Bourgeois маркирован как не-английский. В бестселлере Дины Крейк «Джон Галифакс, джентльмен» (1856) – вымышленной биографии владельца текстильной мануфактуры – это слово появляется всего три раза, всегда выделено курсивом в знак того, что оно иностранное, и используется, только чтобы принизить эту идею («Я имею в виду низшее сословие, буржуазию») или выразить презрение («Что? Буржуа – лавочником?»). Что до прочих романистов времен Крейк, то они хранят полное молчание; в базе данных Чэдвик-Хили, в которой 250 романов составляют своего рода расширенный канон XIX века, слово bourgeois попадается только один раз в период 1850–1860 гг., тогда как rich [богатый] встречается 4600 раз, wealthy [состоятельный] – 613, а prosperous [процветающий] – 449. А если мы включим в наше исследование все столетие целиком, подойдя к нему с точки зрения области употребления, а не частотности термина, 3500 романов «Стэнфордской литературной лаборатории» дадут следующие результаты: прилагательное rich сочетается с 1060 различными существительными, wealthy – с 215, prosperous – с 156, а bourgeois – с 8, среди которых «семья», «врач», «добродетели», «вид», «наигранность», «театр» и почему-то «геральдический щит».

Откуда такая нерасположенность?

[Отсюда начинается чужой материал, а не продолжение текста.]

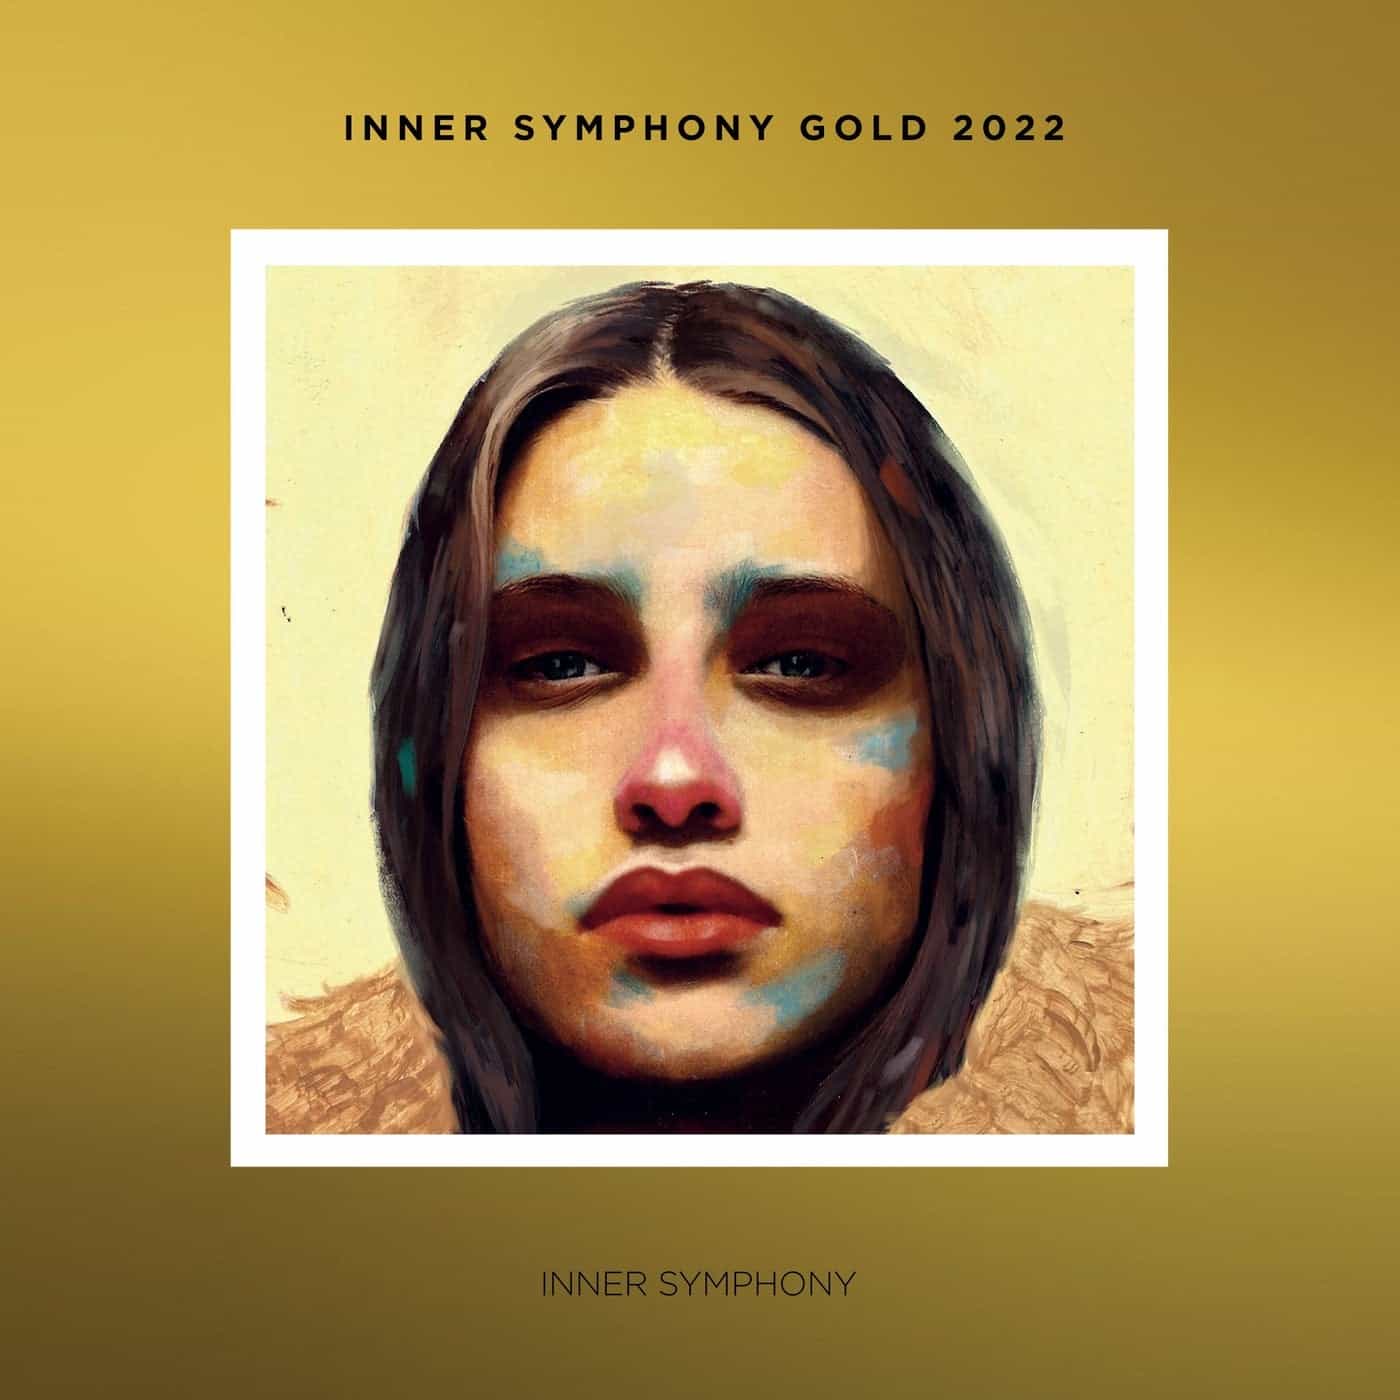 image cover: VA - Inner Symphony Gold 2022 / IS071

В целом, пишет Кока, группы буржуа отделяют себя от старой власти, привилегированной наследной знати и абсолютной монархии… Из этой линии рассуждений следует обратное: в той степени, в которой эти разграничительные линии отсутствуют или стираются, разговоры о Bürgertum [бюргерство], которое одновременно и большое по охвату, и строго ограниченное, теряют свою реальную суть. Это объясняет международные различия: там, где традиция аристократии была слабой или отсутствовала (как в Швейцарии и в Соединенных Штатах), где ранние дефеодализация и коммерциализация сельского хозяйства постепенно стерли различие между знатью и буржуазией и даже различие между городом и деревней (как в Англии и Швеции), мы находим мощные факторы, препятствующие формированию хорошо опознаваемого Bürgertum и дискурса о нем[19].